Les conséquences de cette chute se font déjà sentir. Au-delà de l’insécurité et de la crise sanitaire, la croissance économique de 2020 devrait accuser un recul de plus de 80%, avec une chute du taux de pression fiscale, 13,3% contre une prévision de 15,5%, soit un manque à gagner de plus de 230 milliards de FCFA pour l’Etat sur l’exercice 2020, et le coton, acteur de la croissance, y est pour beaucoup. Cette erreur d’appréciation nous a éjectés de la première place, récupérée par le Benin, suivi du Burkina, et de la Cote d’Ivoire. Le Benin, contrairement au Mali, a décidé malgré la morosité de la conjoncture économique internationale, de maintenir leur « prix bord champ » annoncé aux producteurs. Ce signal fort du gouvernement béninois a permis aux cotonculteurs de maintenir leur quantité prévisionnelle de production. Ainsi, à travers cette fonction « d’Etat providence », le Benin est sûr aujourd’hui de faire des surplus commerciaux, puisque les cours du coton sont entrain de repartir à la hausse, ce qui témoin une augmentation de la demande globale mondiale.
Une industrialisation axée sur les filières agricoles nationales comme perspectives
La transformation du coton en Afrique, particulièrement au Mali se limite à l’égrainage, seulement 3% de la production sont transformés, les 97% sont exportés à l’état brut. Une variation soudaine et brutale des cours du coton fibre comme ce fut le cas avec la baisse de la demande mondiale du tissu à cause du COVID 19 engendrerait des conséquences graves pour l’économie malienne. Ces conséquences peuvent aller d’un simple ralentissement des activités économiques, à une dépression. Une stratégie de promotion du secteur industriel, axée sur les filières agricoles comme le coton est aujourd’hui une nécessité. Cette stratégie sera conjuguée avec l’objectif de réduction du niveau de pauvreté et de création d’emploi. En la matière, le Mali peut disposer d’un avantage de « compétitivité prix », puisque qu’il peut mobiliser une grande quantité de cette matière première qui, déjà est appréciée à l’international pour sa qualité précieuse. De surcroit, des statistiques du département américain pour l’agriculture estiment que la mise en place de 10 unités de transformations jusqu’au tissu, engendrera la transformation de la moitié du coton produit au Mali, pour un chiffre d’affaire d’un milliard de dollar, soit l’équivalent de 600 milliards de FCFA.
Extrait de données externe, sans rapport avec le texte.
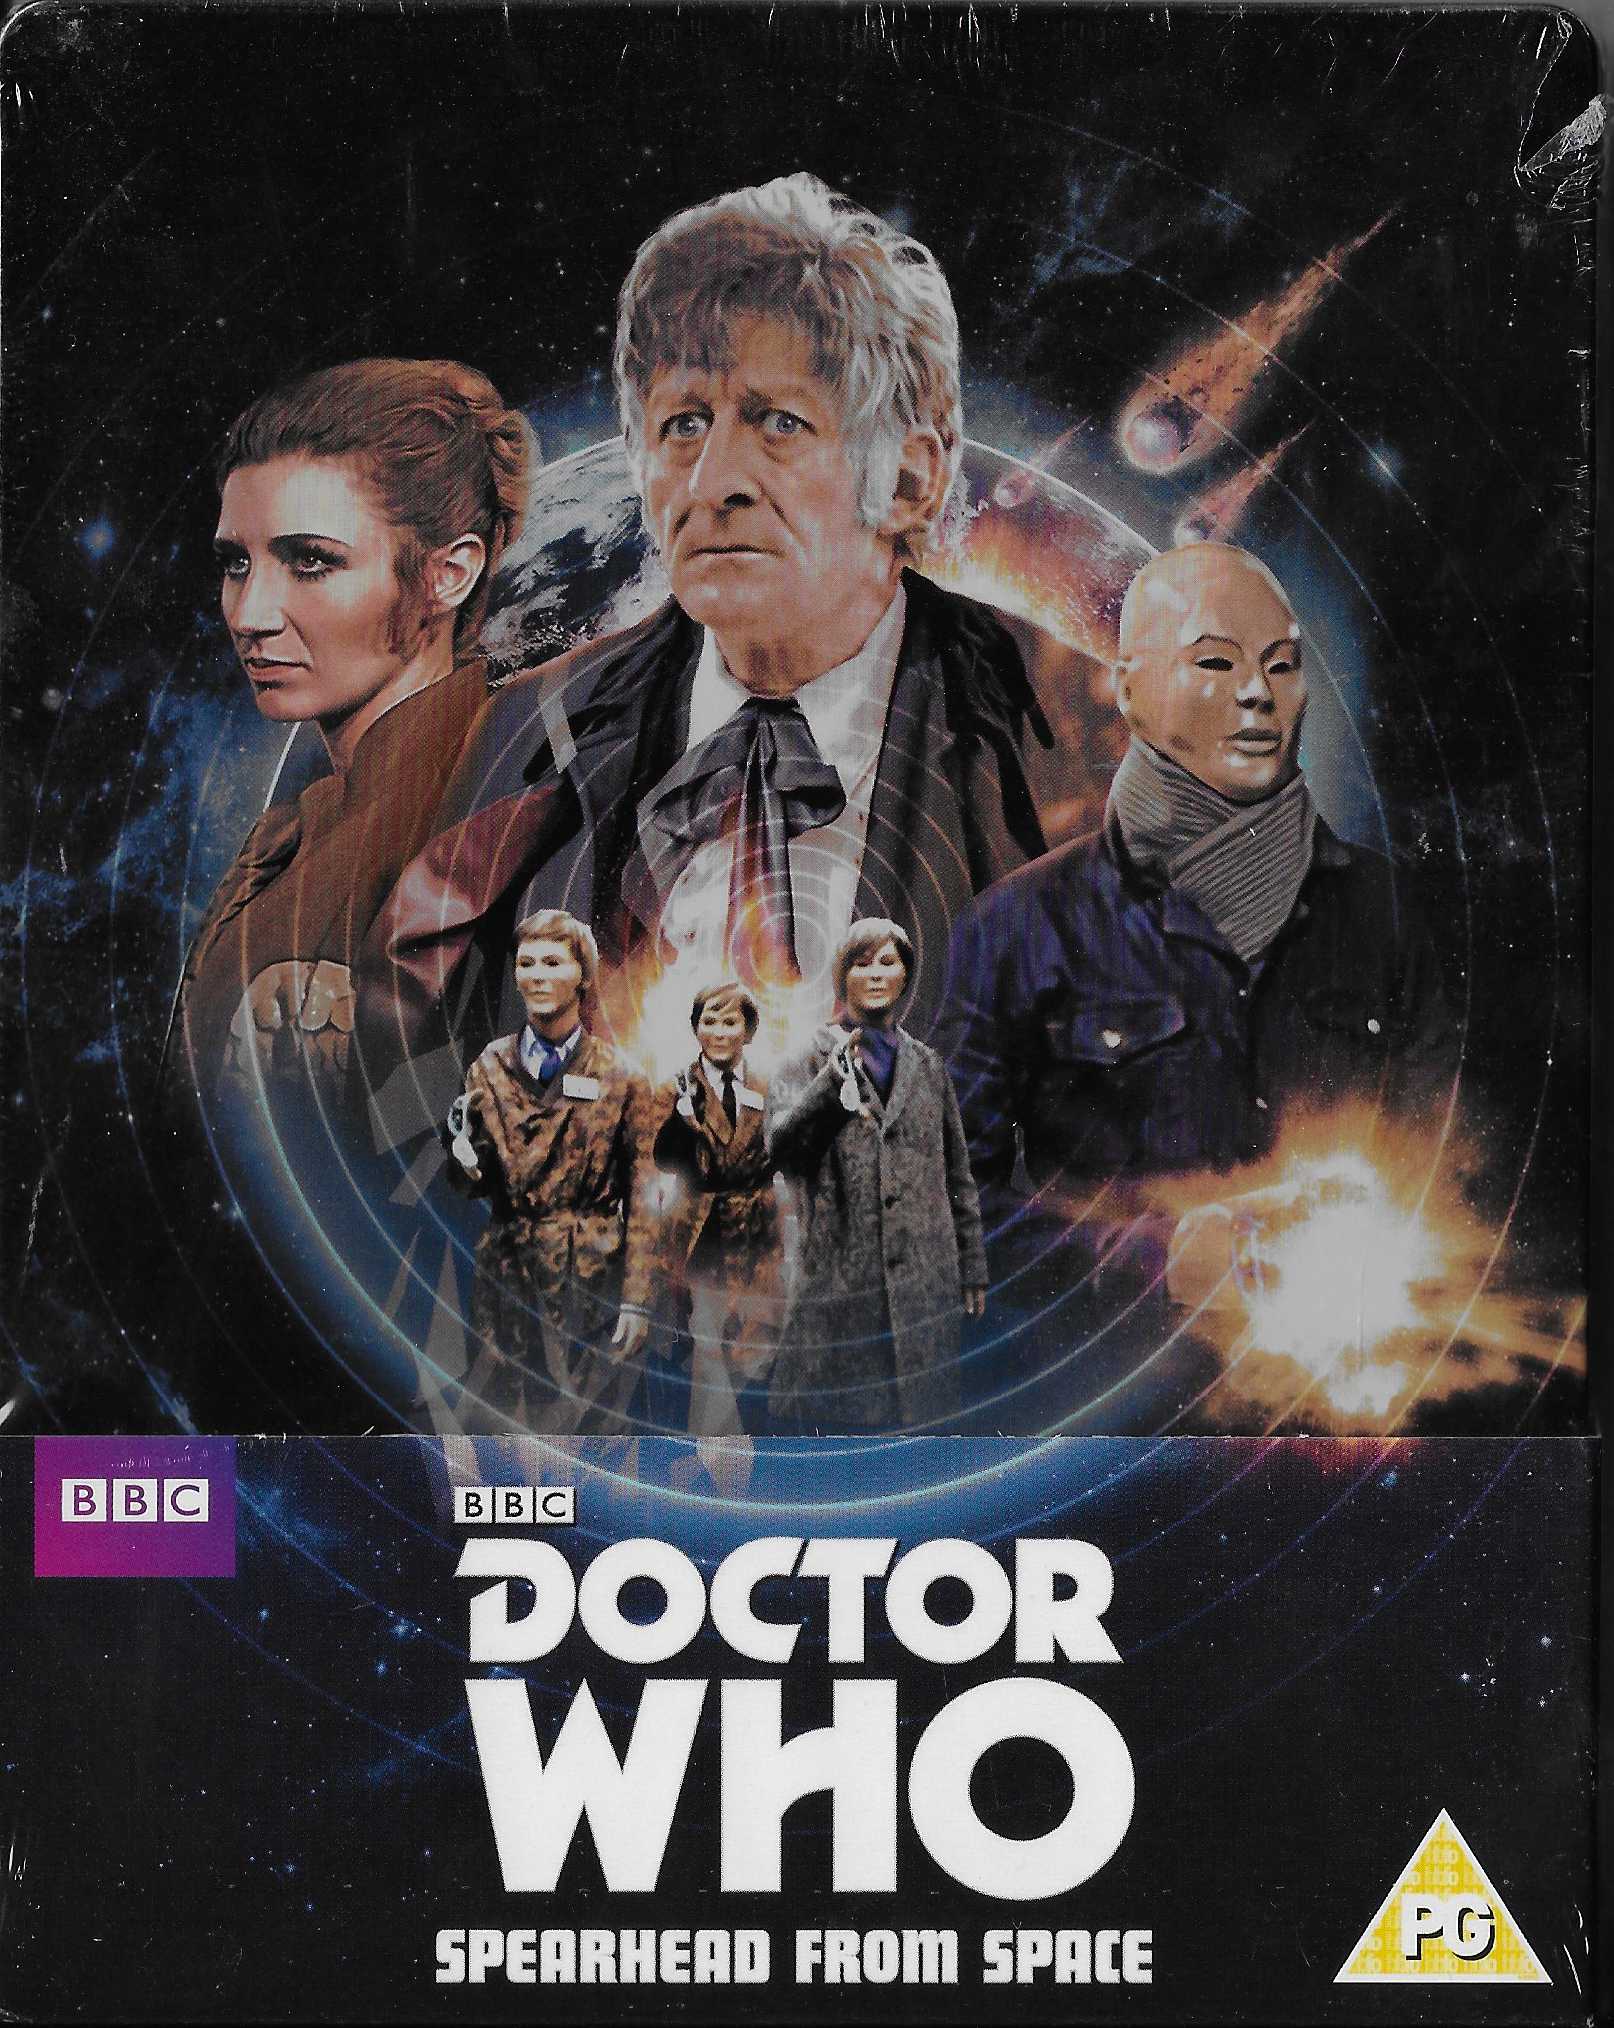 Picture of BBCBD 03444 Doctor Who - Spearhead from space by artist Robert Holmes from the BBC blu-rays - Records and Tapes library

Pour y parvenir, il est essentiel de surmonter les d’obstacles liés à l’industrialisation qui est inextricablement tributaire du fonctionnement des machines et donc de la disponibilité de l’énergie. Il convient alors de palier la crise énergétique et rendre facile son accès. Il y a aussi la formation du capital humain nécessaire pouvant relever le défi de la crise de qualification dans la chaine de production et de transformation. Ajouter à cela, la problématique de la fertilité des sols, le réchauffement climatique et ses aléas, la fluctuation des taux de change sur le marché international, une agriculture mécanisée, moyen propice pour réduire les couts de production et accroitre les rendements et la compétitivité.
Tout cela doit être compris dans une vision stratégique de développement, portée par une nouvelle culture politique au service du bien-être collectif. Le développement de la culture économique chez l’homme politique malien est plus que jamais une nécessité.
Khalid, Economiste et D. Ballan, Politologue.